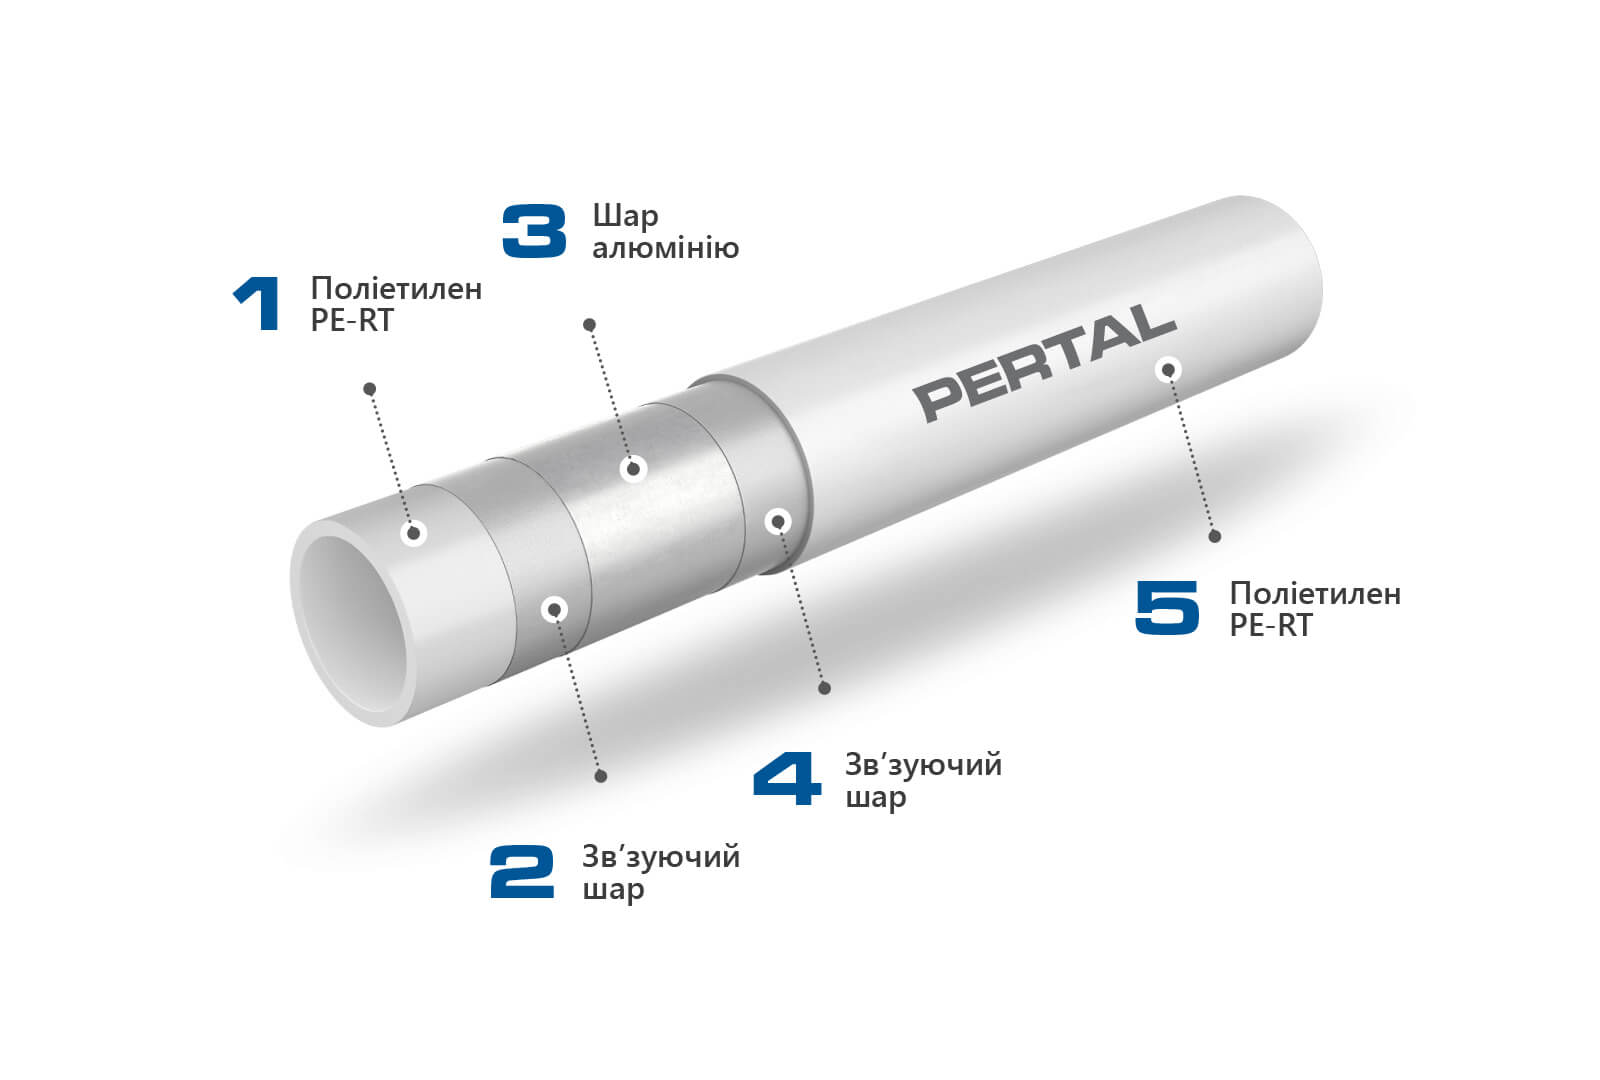 KAN-therm - система ultraPRESS - 3D модель з описом труби PERTAl
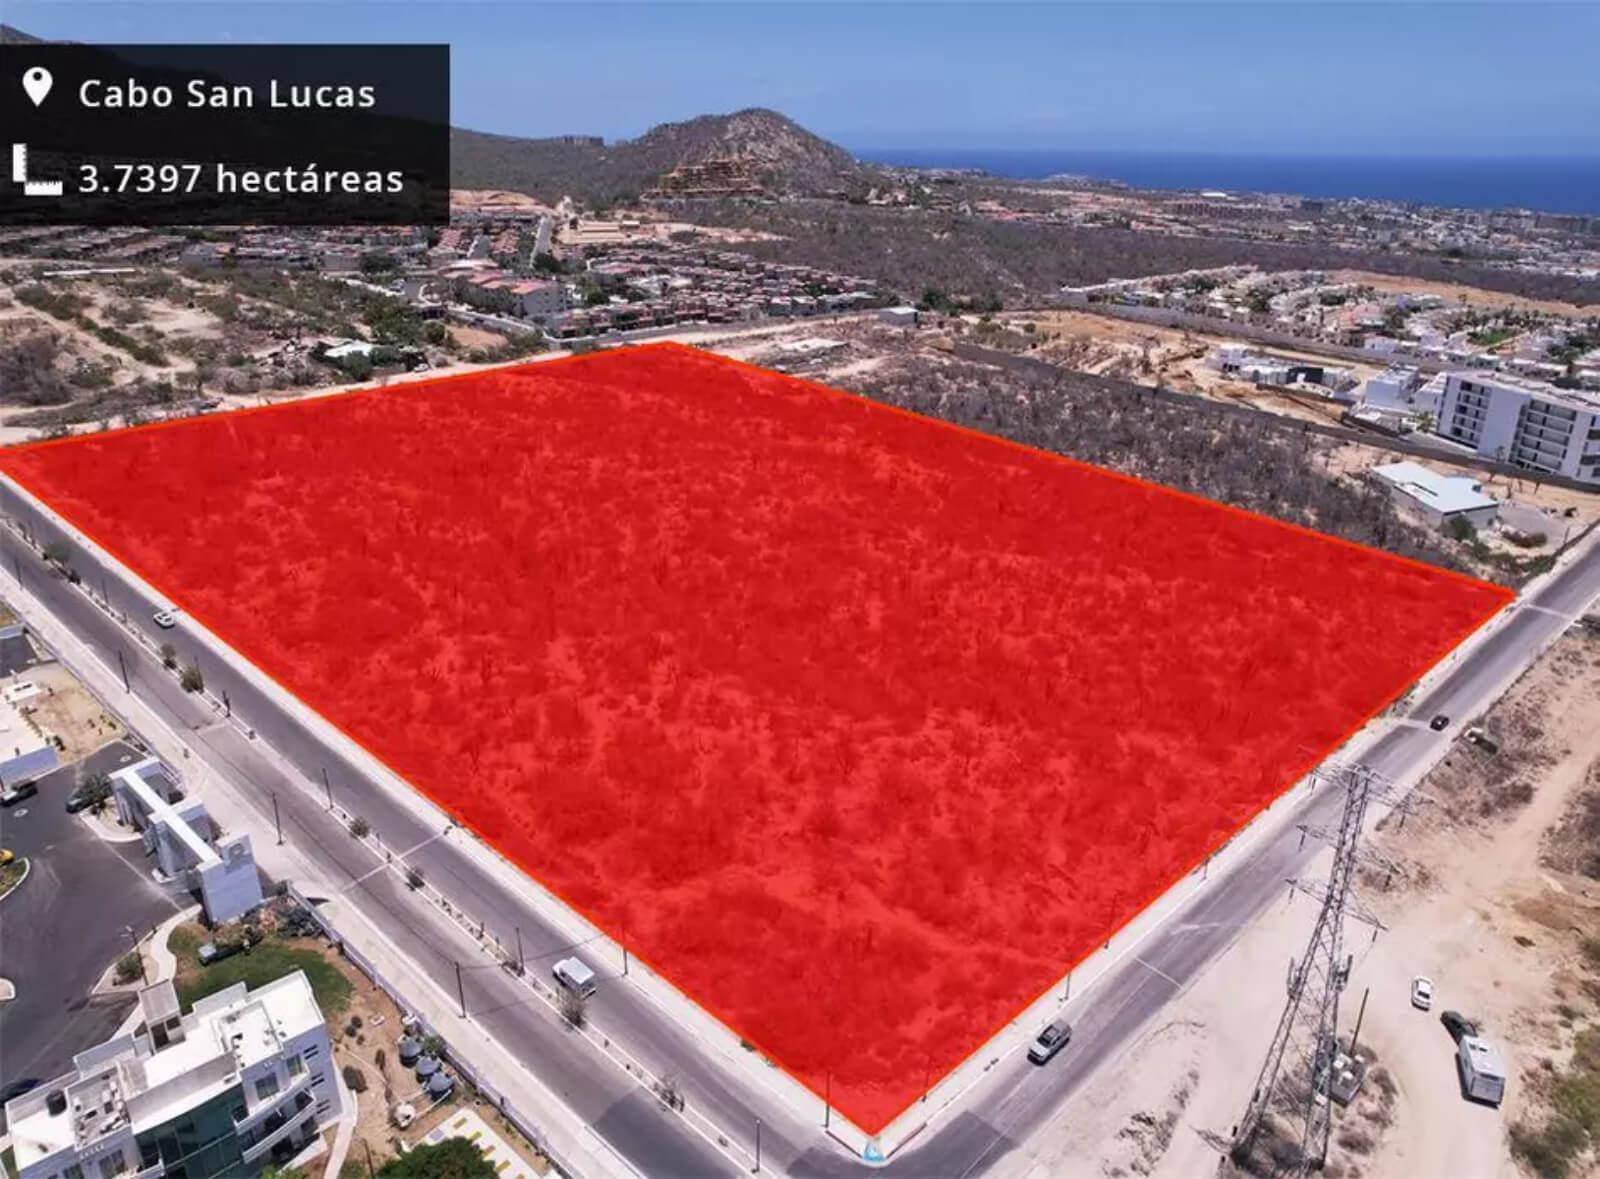 Venta de hectáreas con vista al mar, uso de suelo multifamiliar, en venta en El Tezal, Cabo San Lucas.
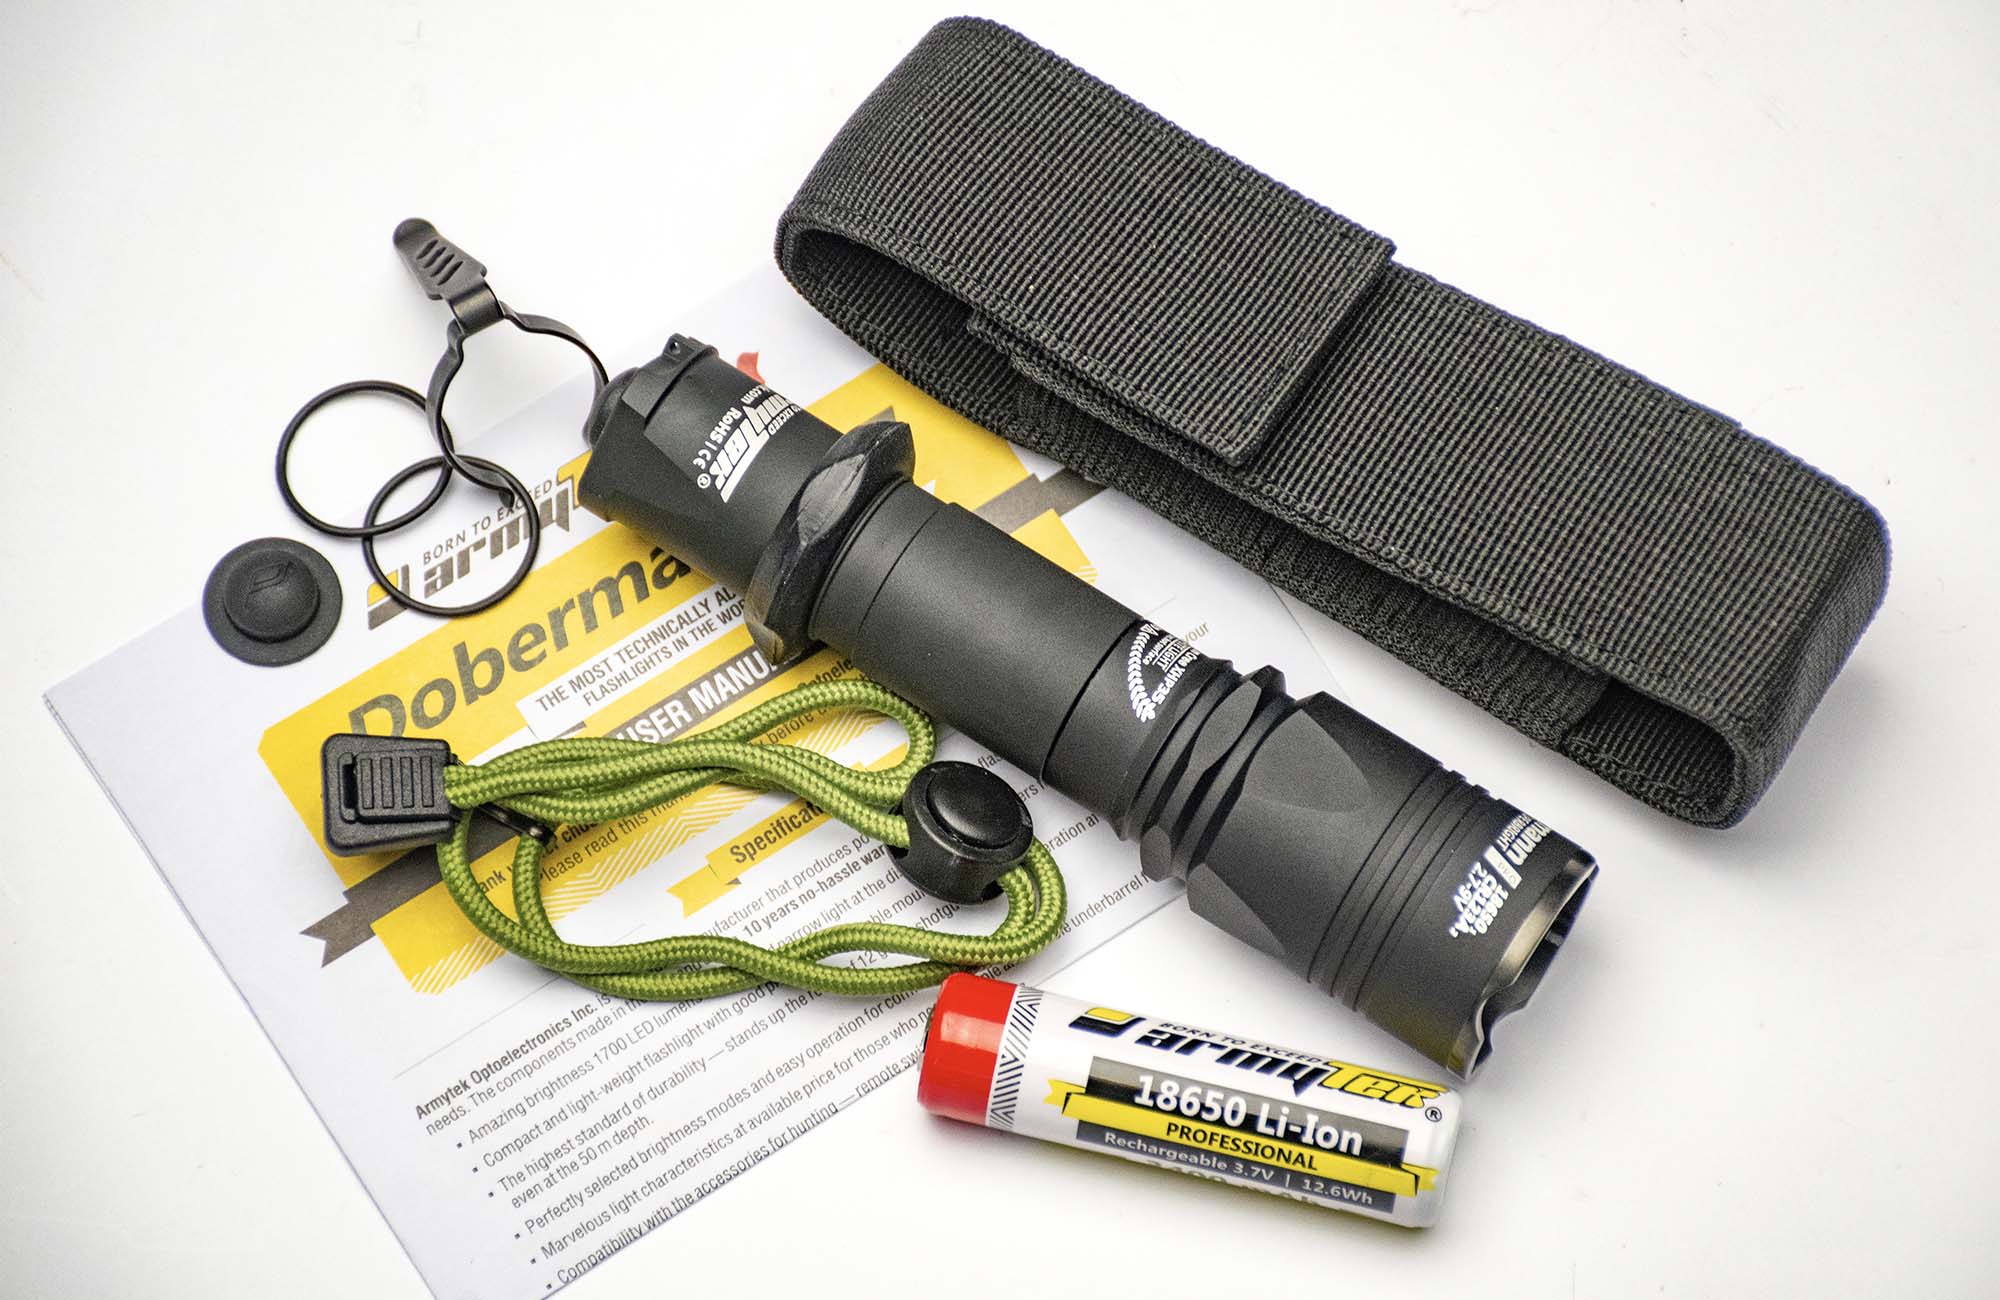 Armytek Dobermann Pro XHP35 HI flashlight
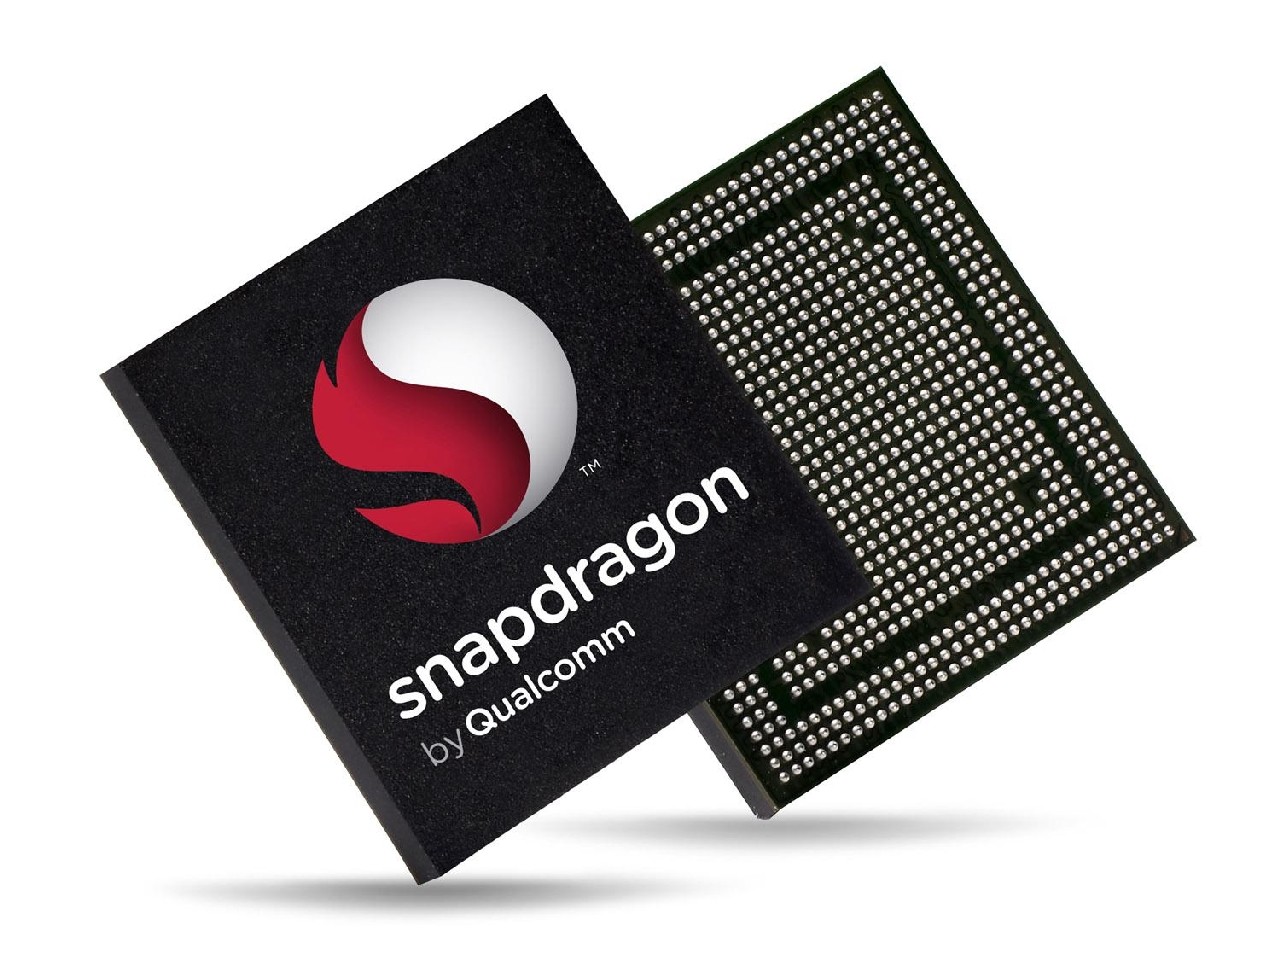 Nowe, czterordzeniowe procesory Snapdragon S4

####################

> [ACTIVITY]:
Leave the images out and output the remaining material exactly as it stands.

> [EXPECTED ANSWER]:
 KAN-therm - система ultraPRESS - 3D модель з описом труби PERTAl
 Venta de hectáreas con vista al mar, uso de suelo multifamiliar, en venta en El Tezal, Cabo San Lucas.
 Armytek Dobermann Pro XHP35 HI flashlight
 Nowe, czterordzeniowe procesory Snapdragon S4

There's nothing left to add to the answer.